Thursday, January 26, 2017

Being-a-Writer

I find Jean-Paul Sartre to be horribly mistaken about the problem of mauvaise foi (bad faith). Not completely mistaken, of course, as I have said in times past how I find his notion of “bad faith” – bad faith being, as simply put as possible, the way the self lies to the self about who it is in order to become who it thinks it ought to become – to hold up with man’s general inability to live authentically, nor mistaken in a philosophical way, given the ways in which the ontology presented in Being and Nothingness is so meticulously put-together that it seems difficult, to me, to surpass or reject.

But maybe I speak not just as a reader of Sartre but also a reader of Frantz Fanon, who himself seems to also have a problem regarding bad faith – that is, that as a black man in “not-that-racist” (re: racist) France, Fanon found his overdetermination coming from without rather than simply from within. Is it bad faith if one is not who the World say is? I will leave that one for the readers and interpreters and interlocutors of Black Skin, White Masks to decide.

For me, however, I find a different struggle with the idea of bad faith. Sartre’s bad faith functions as a problem that entraps us within certain modes of being. The most famous example, of course, is the waiter who is playing at being-a-waiter. His essential being, of course, is not as a waiter, but when he dons his clothing and waits tables he assumes the character and nature – even the being – of a waiter. This, Sartre would assert to us, is not the waiter as he really is nor is it the waiter as he ought to be. The waiter is likely being-a-waiter in order to fulfill some other purpose in his life (probably paying the bills). But, as Sartre often remarks, he has radical freedom to be what he wants to be. He could doff his waiter-ing garb and thrust his plates upon the faces of the cafĂ©’s patrons and then off and become… something else.

Yet, deep within my soul, I find in myself the reality of being-a-writer. I have not donned any writerly-garb in order to become a writer. Nor have I really written anything suitably worthwhile to become a writer. I enrolled in a graduate program that improved my writing, no doubt, and that allowed me to become the sort of reader who is able to begin tackling Being and Nothingness, amidst others. But when I say that I am a writer, I mean something more essentialist rather than existential. I am not describing something that is definable or describable through external sources of knowledge and knowing. Rather, I am actually describing something more like the framework of my soul. As a Christian, I call this something a little more like “Calling” or “Vocation” or “Purpose.” There’s an Image that I have been made in – the Image of the Logos Himself – and that Image imprints upon my very being something of a distinct personal character.

No doubt, and I see proof for this too, I often live out of some kind of bad faith. I do not think that Sartre’s observation is wrong; I think that bad faith is the sort of relationship with freedom that mankind has under the domain of sin. I would even go further and assert that Sartre’s radically-free subject is always-already a subject of some kind of bad faith.

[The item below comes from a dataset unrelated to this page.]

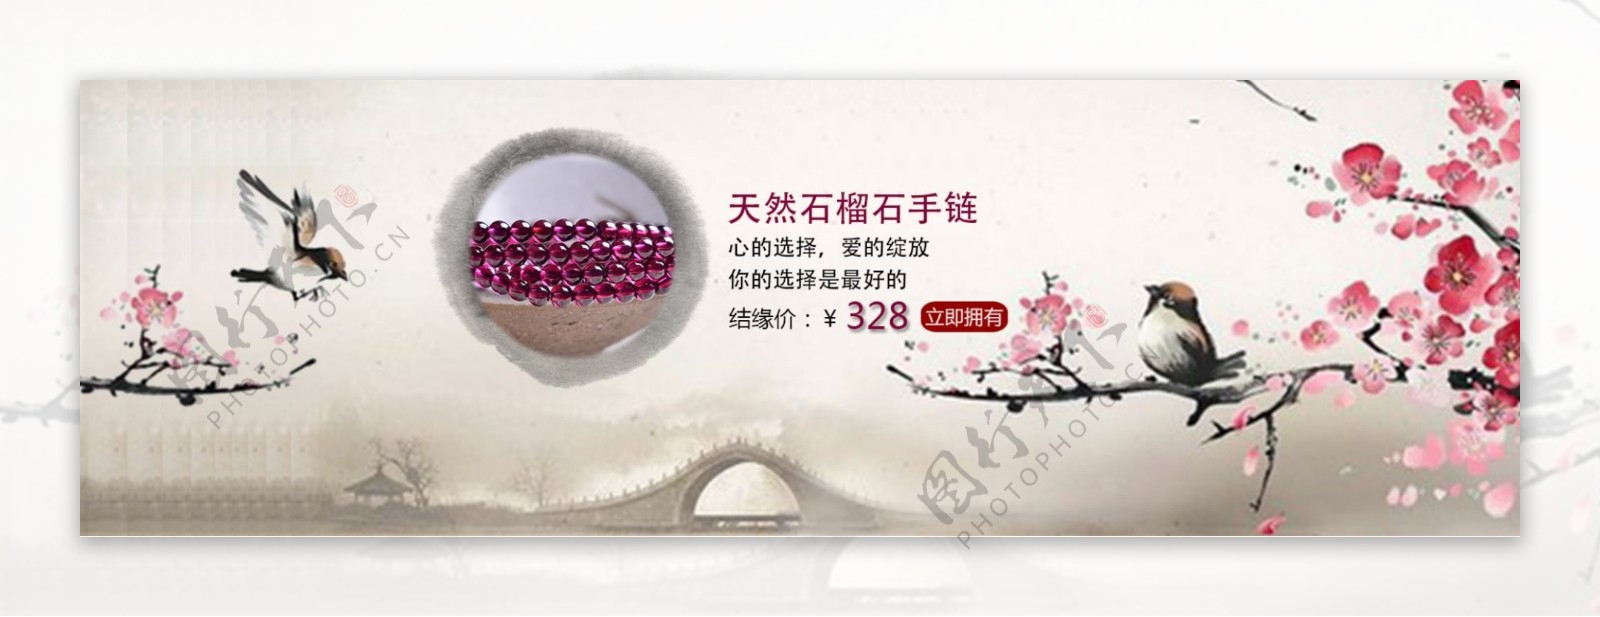 淘宝中国风手链海报设计PSD素材
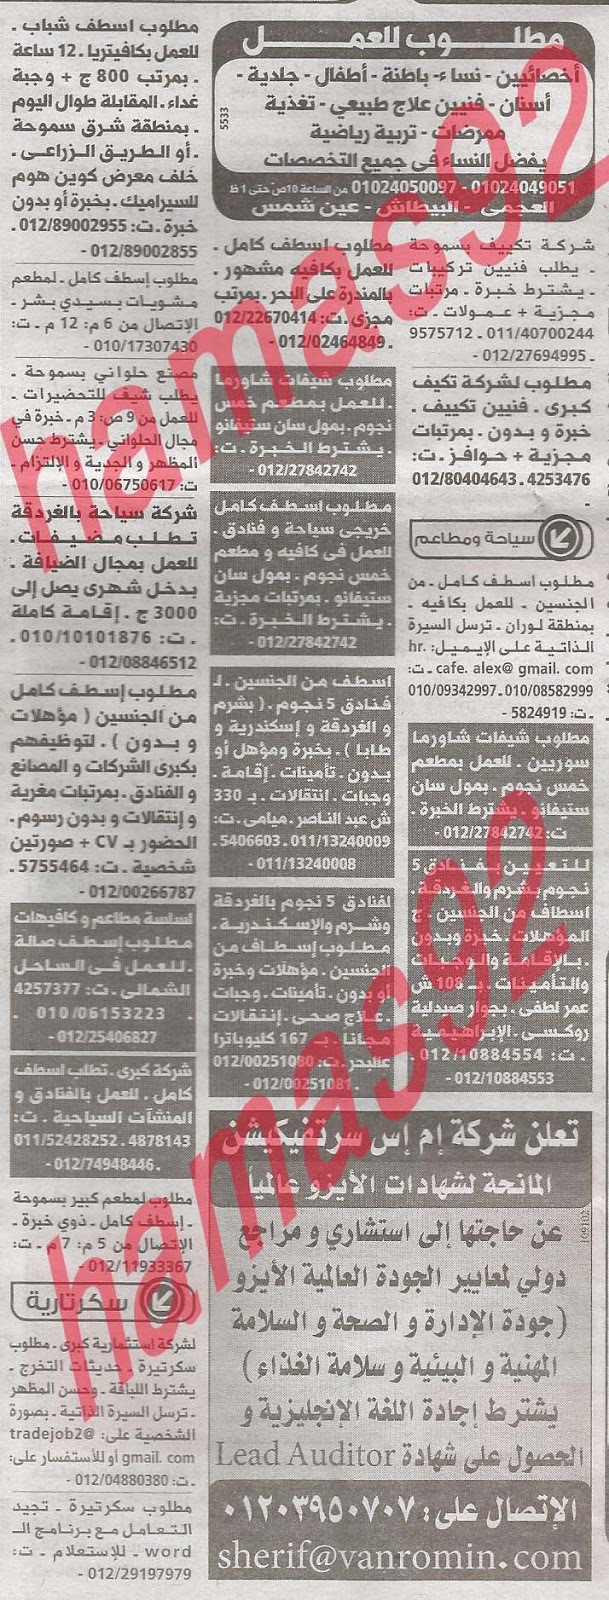 وظائف خالية فى جريدة الوسيط الاسكندرية الثلاثاء 23-04-2013 %D9%88+%D8%B3+%D8%B3+2

Here I’d follow Louis Althusser in his description of the subject of ideology, but I would, using my fancy Christian language, replaced ideology with the true power that undergirds this bad faith: that is, Idolatry.

Bad faith for me, however, manifests in my incessant struggle to write. While Sartre’s waiter is playing at being-a-waiter and lying to himself that his internal nature is truly a waiter, when he is not, my true being of being-a-writer (that is, being-a-writer-in-itself, rather than for-itself) is constantly doffed in my life for the sake of other ‘beings.’ I will, for a short time yet, be-a-lab-manager, or be-a-Chicagoan. Maybe too I wrestle against the seductive ontological claim that calls itself ‘being-not-a-writer.’ This is the most devastating ontology.

I find it hard to be me, that is, Ian-who-is-a-writer. Part of it has to do with the stunning amount of inauthentic and haphazard writing that exists out there these days, both in journalistic and in academic circles. And do not get me started on “Christian writing,” because it’s a crapshoot nine out of ten times.

Here I am faced with a stunning reversal of Sartre’s bad faith: I cannot be what I really am, and instead I continually struggle with the becoming of what I really am. I am not becoming that which I wish to be or that which I radically choose to be. To risk sounding deterministic, I am becoming what I was already and am, but I am not that being right now.

This, to me, is the greatest difficulty.